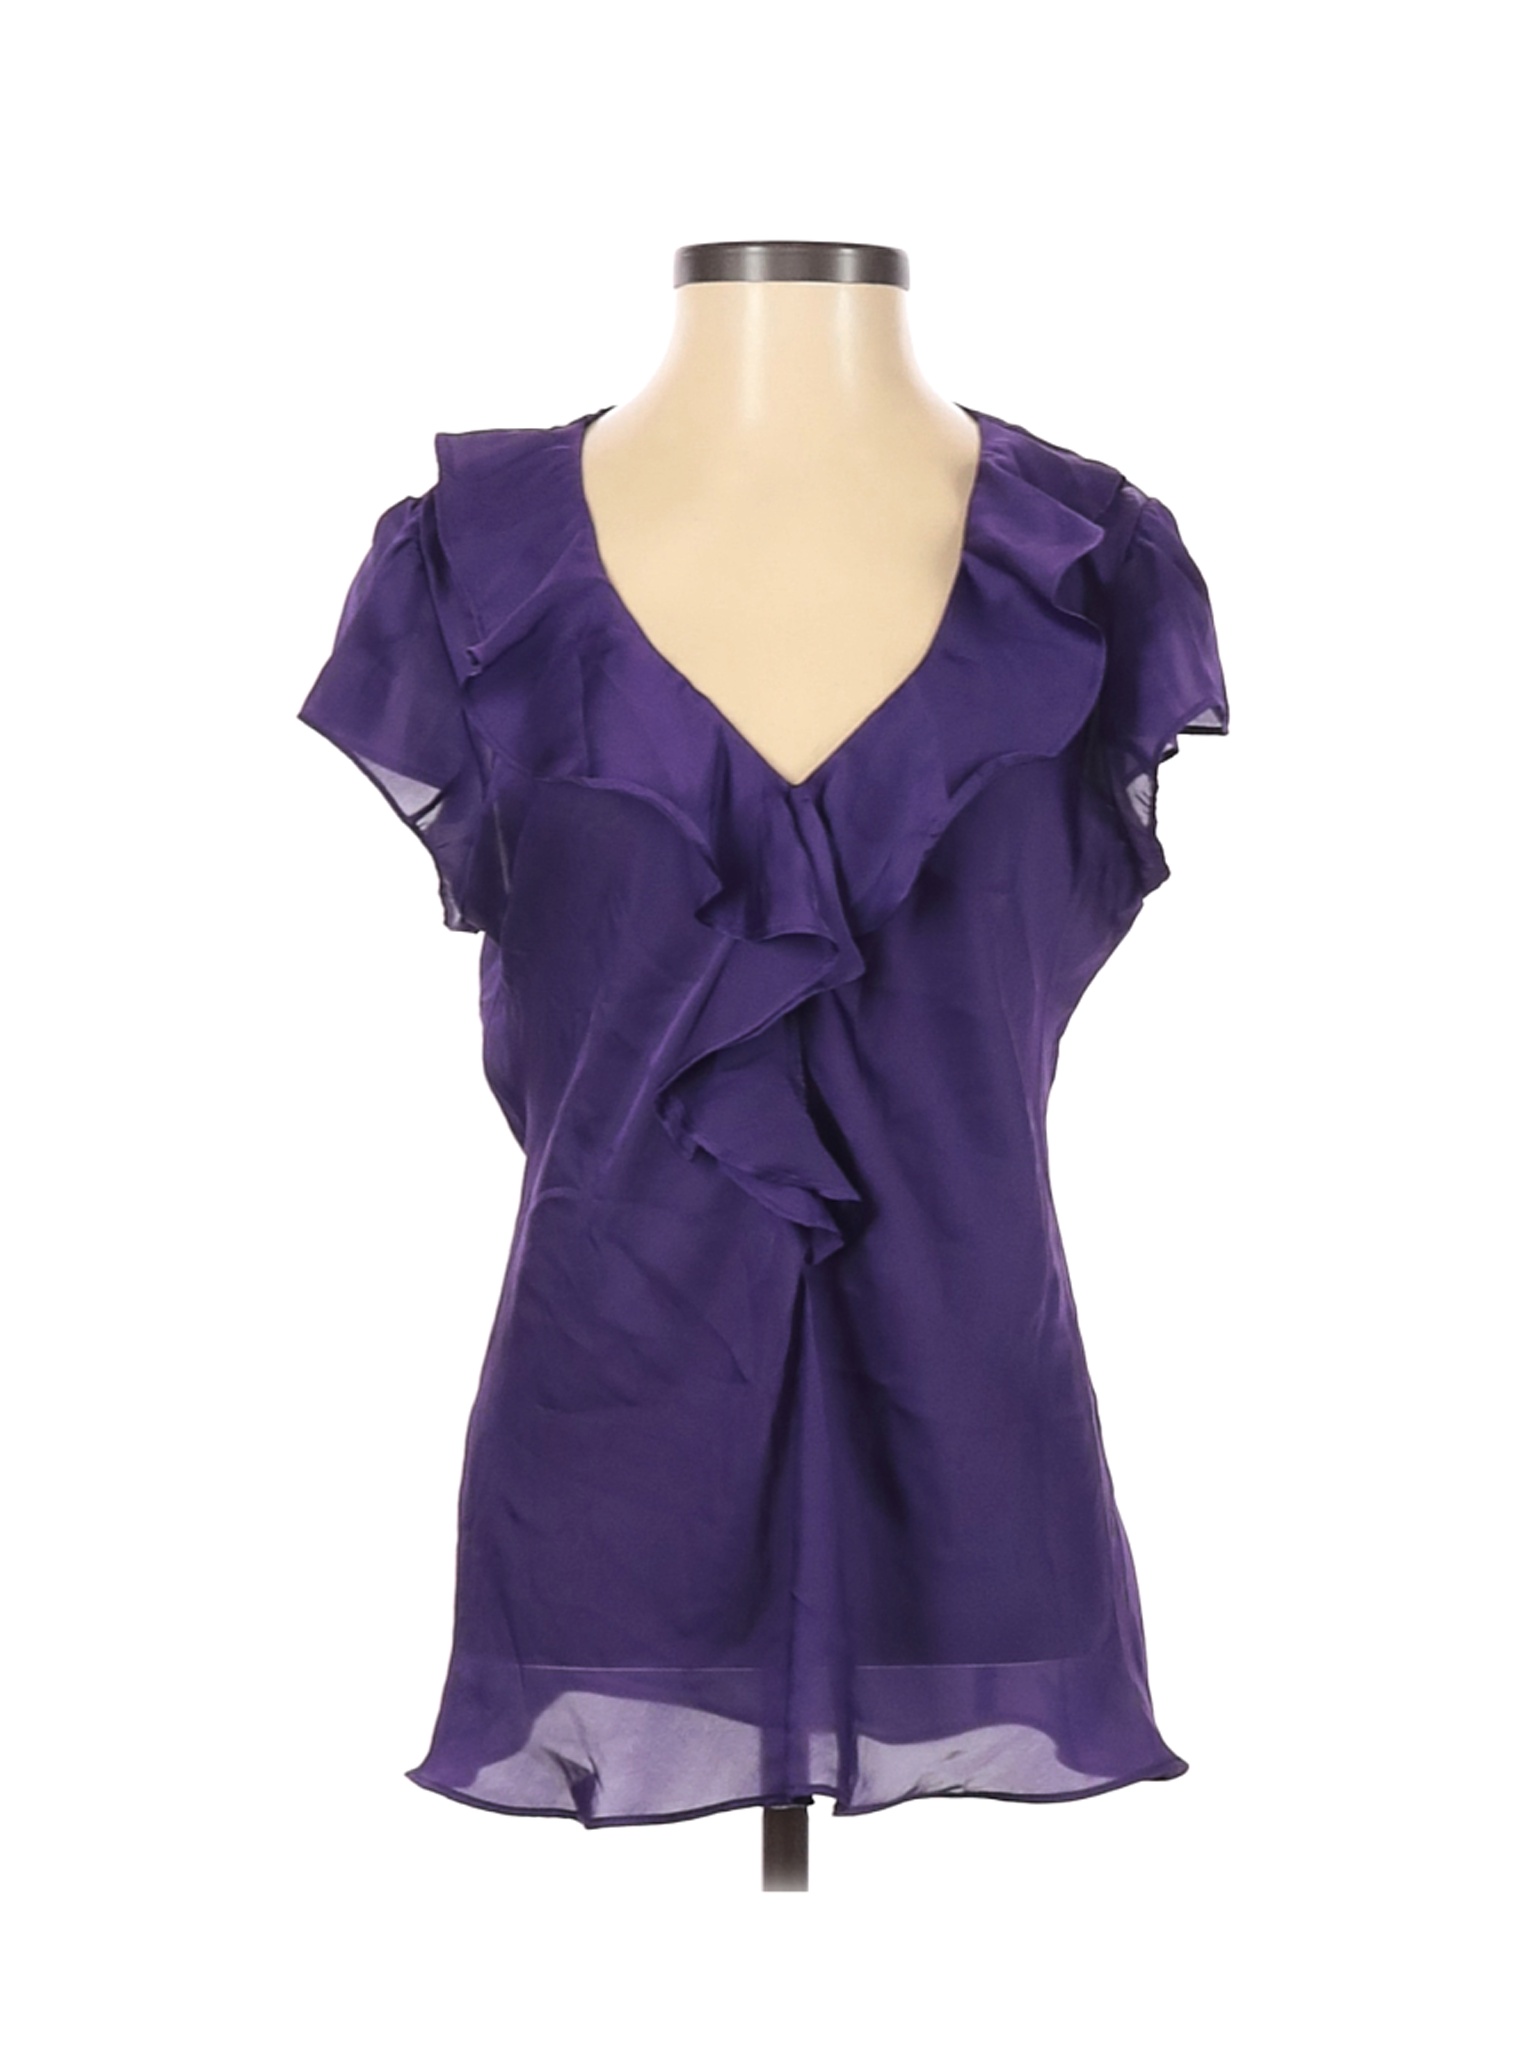 Allison Taylor Women Purple Short Sleeve Blouse S | eBay
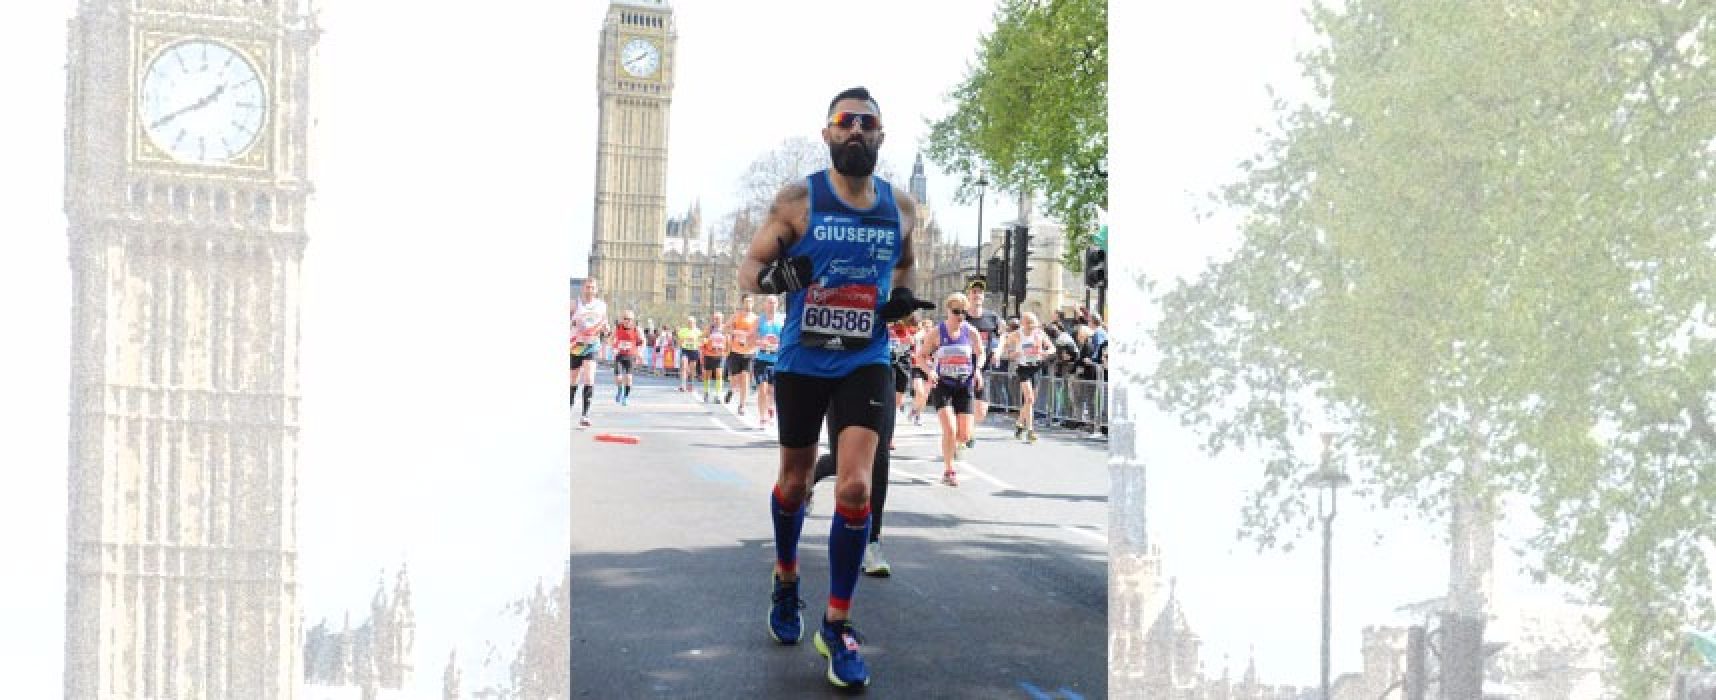 Bisceglie Running, Giuseppe Ruggieri alla maratona di Londra: “Emozioni indescrivibili”
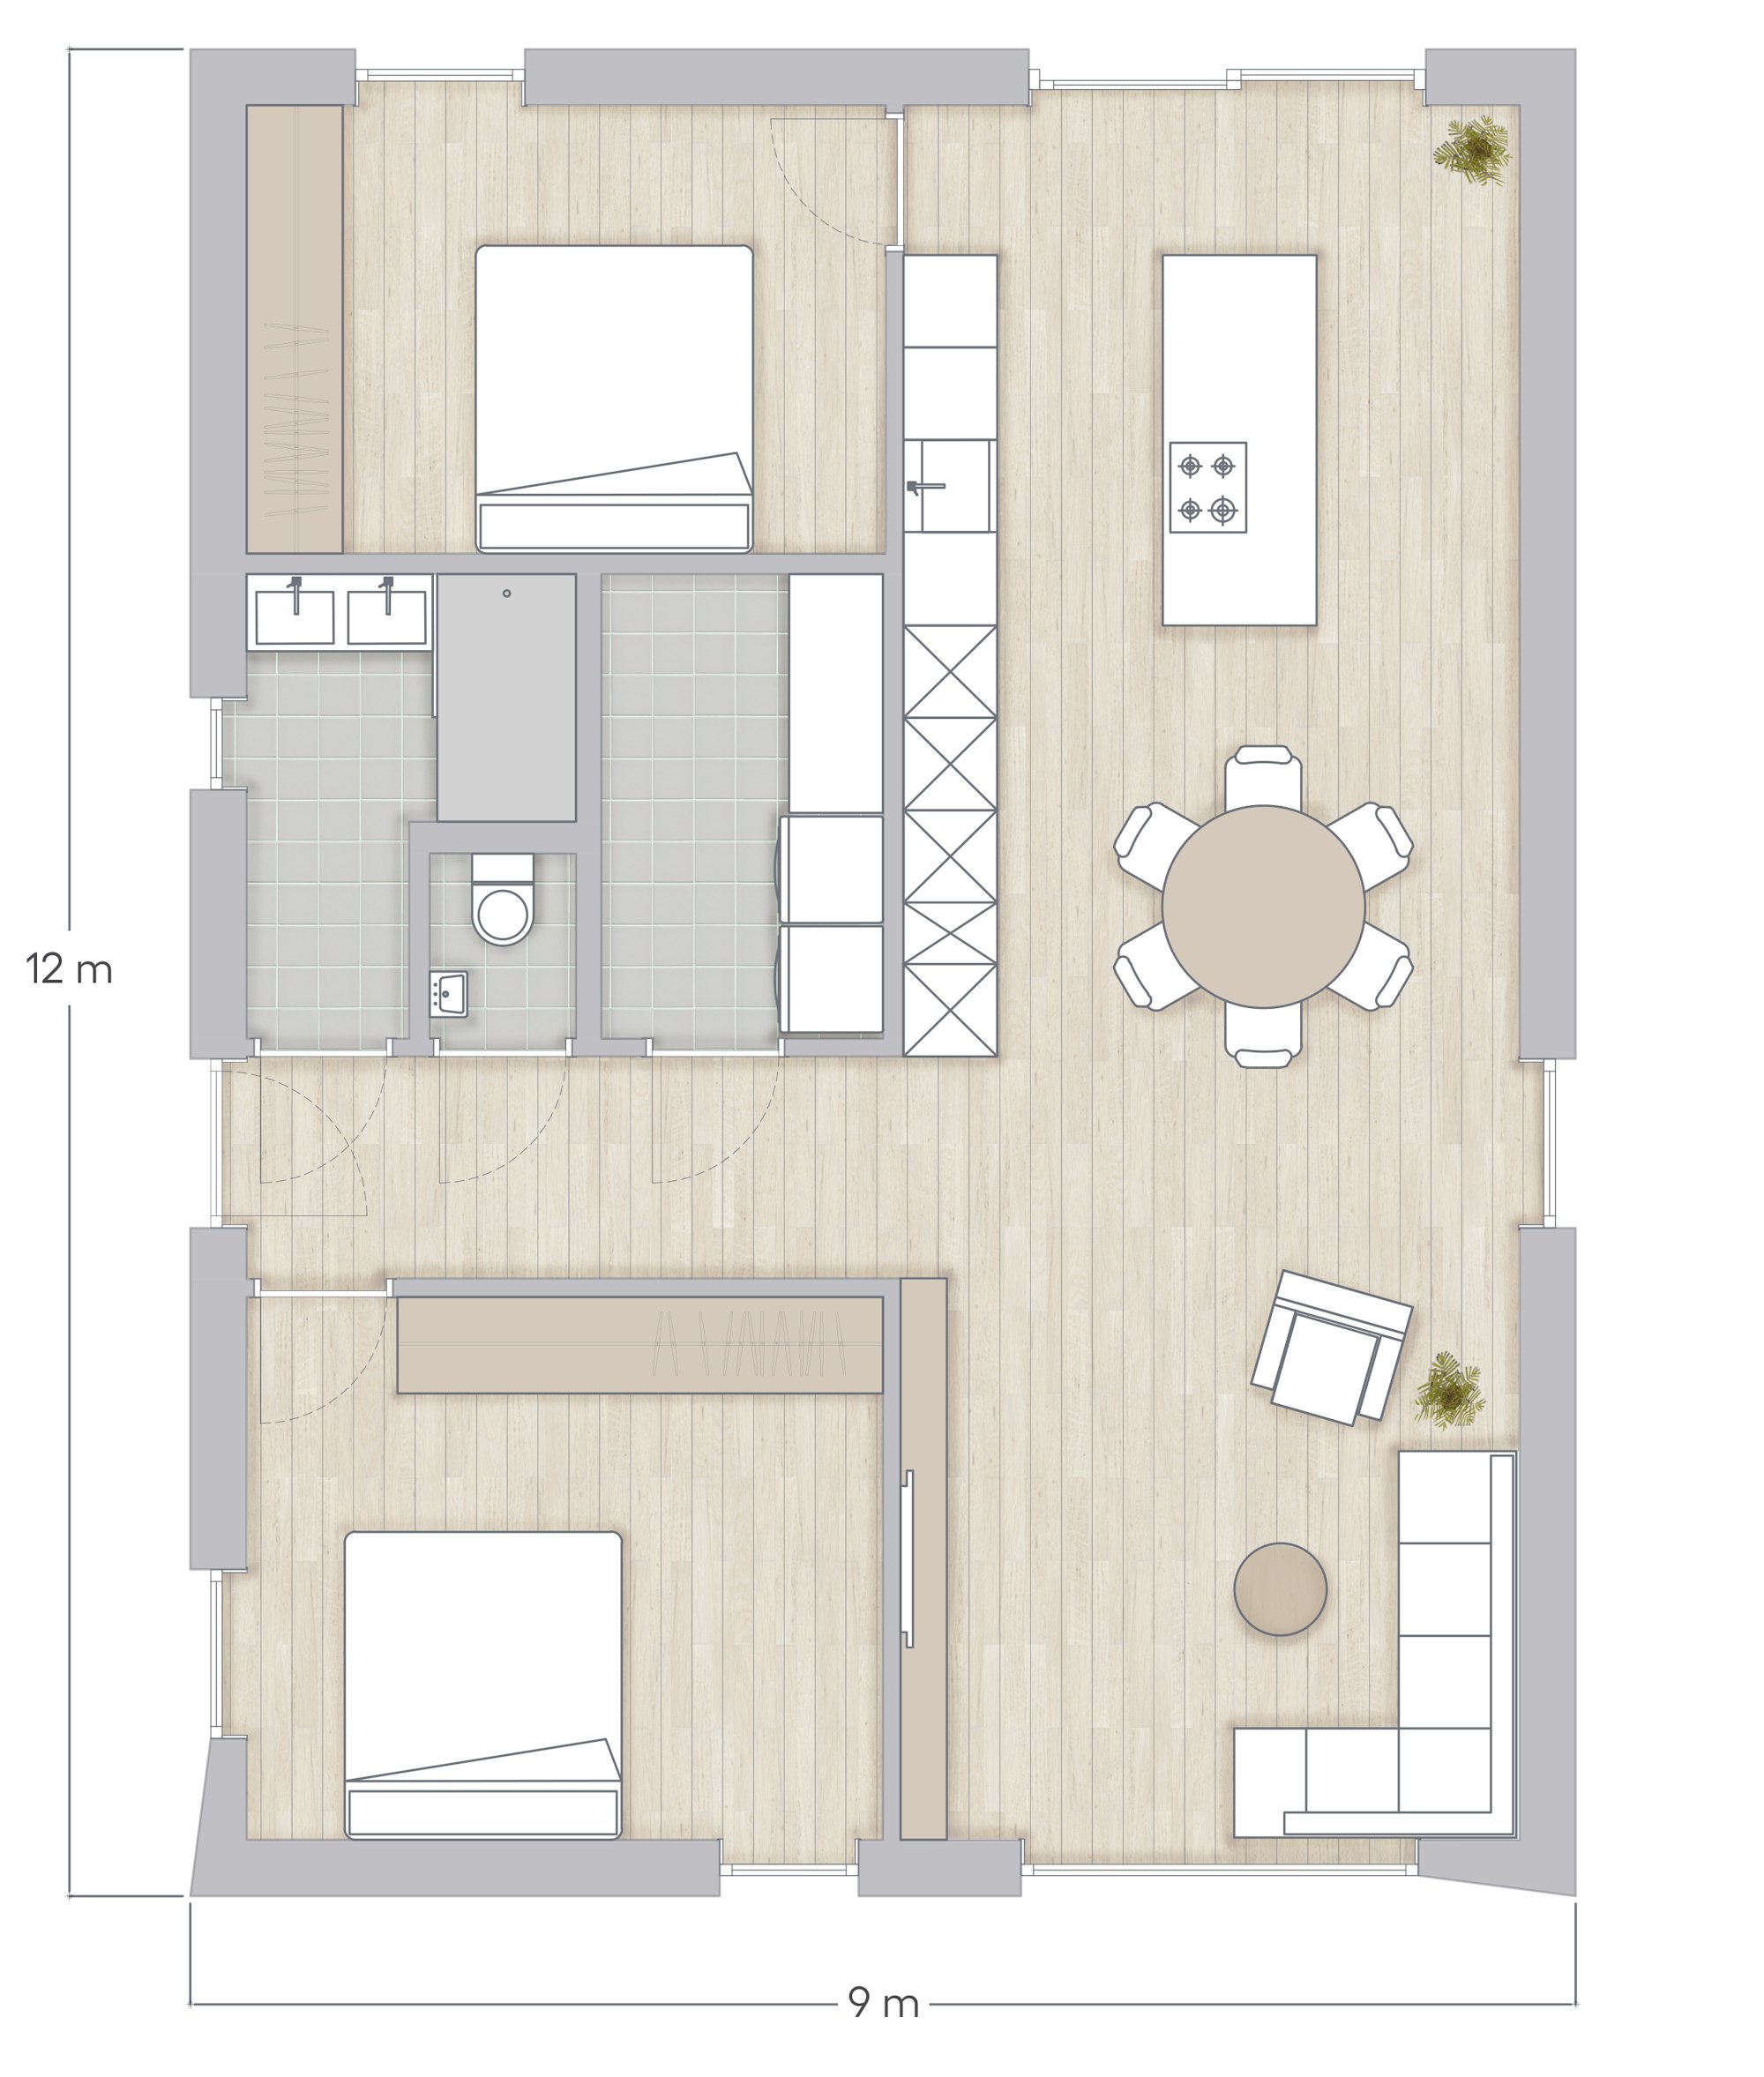 Plan Skilpod #108, 2 slaapkamers gelijkvloers bungalow woning

TASK REQUIREMENTS: Please make an exact copy of the whole listing and leave out its pictures.

RESPONSE:
 Allison Taylor Women Purple Short Sleeve Blouse S | eBay
 Bisceglie Running, Giuseppe Ruggieri alla maratona di Londra: “Emozioni indescrivibili”
 Plan Skilpod #108, 2 slaapkamers gelijkvloers bungalow woning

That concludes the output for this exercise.